Oops! You hit the bush. Welcome to the site, by the way.


----------



## treesquirrel (Jan 7, 2010)

Welcome to AS friend.


----------



## outofmytree (Jan 8, 2010)

Welcome to arboristsite w44.

Felling Washingtonias is satisfying especially if you have had to block down a few! Of course cleaning em up is a whole different story unless you have a chipper with 20 inch feed......

Just a small negative. I would have thrown a bag over the crown and hauled a tagline through and tied off with a timber hitch. Like you said in the video the house was directly behind. Palms are more than capable of twisting off a stump if you dont get the cut just so....


----------



## BlackOakTreeServ (Jan 8, 2010)

thanks all, this is a very cool site !!!

Using a rope is a good thing. This palm had a good lean towards the street, I felt 100% confident it was going that way. I've cut a few of these things down, very soft stuff...used half throttle at end....went through like hot butter knife.

I just did the felling, my friend (the owner) did all the clean-up...that works for me 

Scott


----------



## outofmytree (Jan 9, 2010)

woodsman44 said:


> thanks all, this is a very cool site !!!
> 
> Using a rope is a good thing. This palm had a good lean towards the street, I felt 100% confident it was going that way. I've cut a few of these things down, very soft stuff...used half throttle at end....went through like hot butter knife.
> 
> ...



Wish my clients would clean up their palm crap!


----------



## BlackOakTreeServ (Jan 9, 2010)

Here's how close it was to the house............he did say he needed a new roof...hmmmm....to late though.


----------



## ChiHD (Jan 9, 2010)

woodsman44 said:


> thanks all, this is a very cool site !!!
> 
> Using a rope is a good thing. This palm had a good lean towards the street, I felt 100% confident it was going that way. I've cut a few of these things down, very soft stuff...used half throttle at end....went through like hot butter knife.
> 
> ...



You should never use half throttle btw.

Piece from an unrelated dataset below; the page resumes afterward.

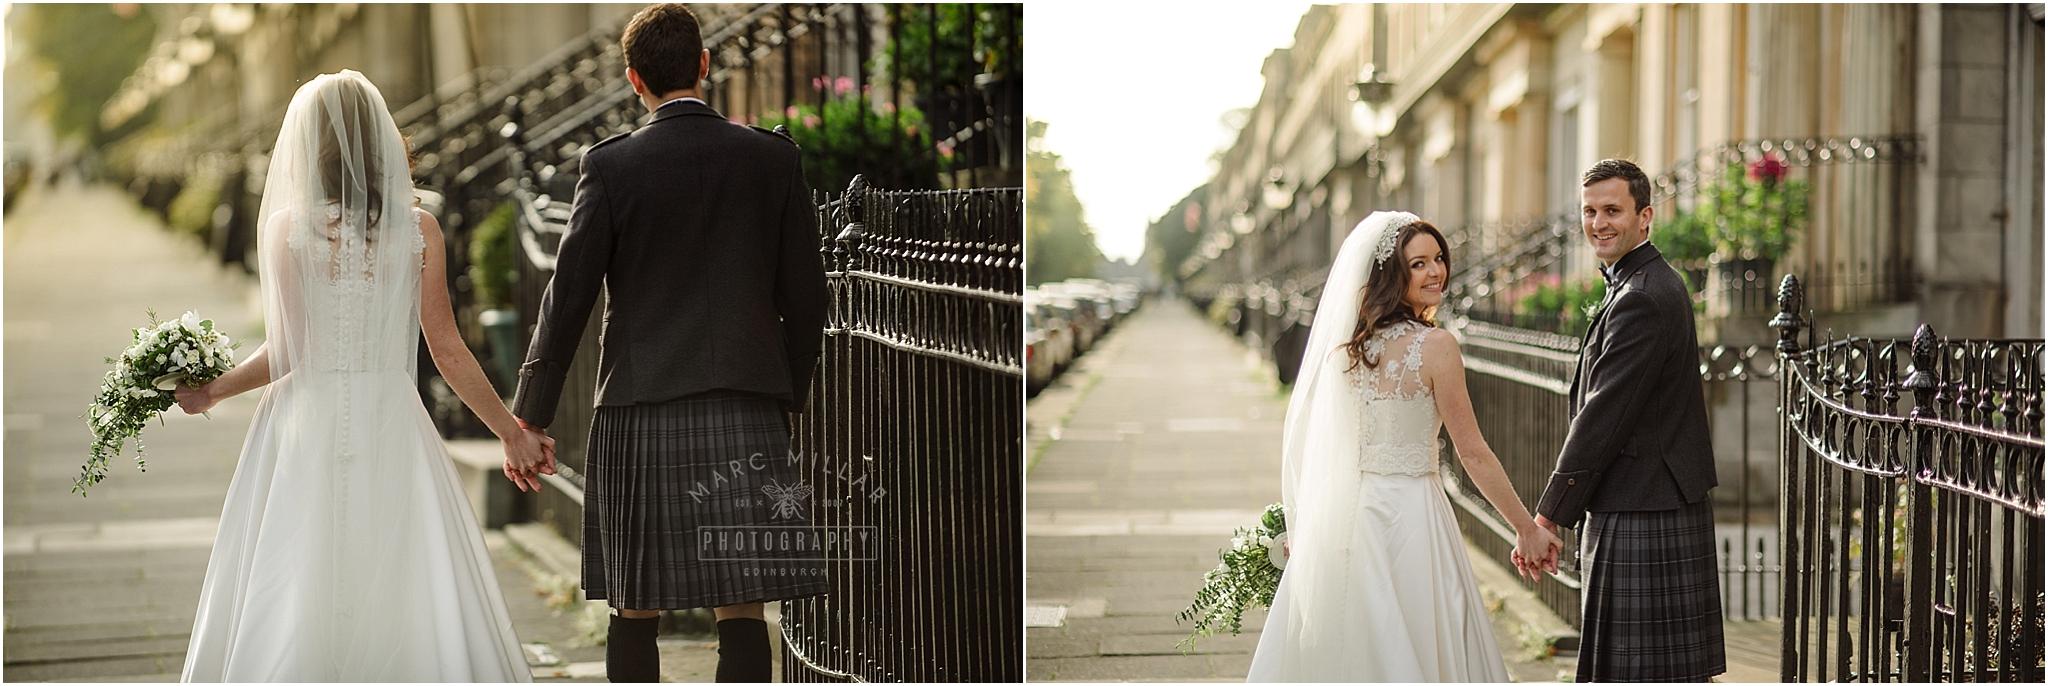 The Balmoral Wedding Photos _019.jpg

Thanks for posting and welcome.


----------



## logging22 (Jan 9, 2010)

Good job, welcome to AS.


----------



## JTinaTree (Jan 11, 2010)

That Palm looks totaly out of place in that country setting.. Looks like horse country to me.. Somebody must have been drunk when they decided to plant it.. Nice video though, and nice Stihl PA50 splitting axe in the picture, ive got one and love it..


----------



## BlackOakTreeServ (Jan 11, 2010)

JTinaTree said:


> That Palm looks totaly out of place in that country setting.. Looks like horse country to me.. Somebody must have been drunk when they decided to plant it.. Nice video though, and nice Stihl PA50 splitting axe in the picture, ive got one and love it..



JTT, your right, palm totally out of place...horse and farm country, owner couldnt wait to get that eye sore cut down !

Love the stihl PA 50, but use the PA 80 more


----------



## BlackOakTreeServ (May 9, 2011)

Got 2 more palms to fell tomorrow, will get vid up for you A.S.er's


----------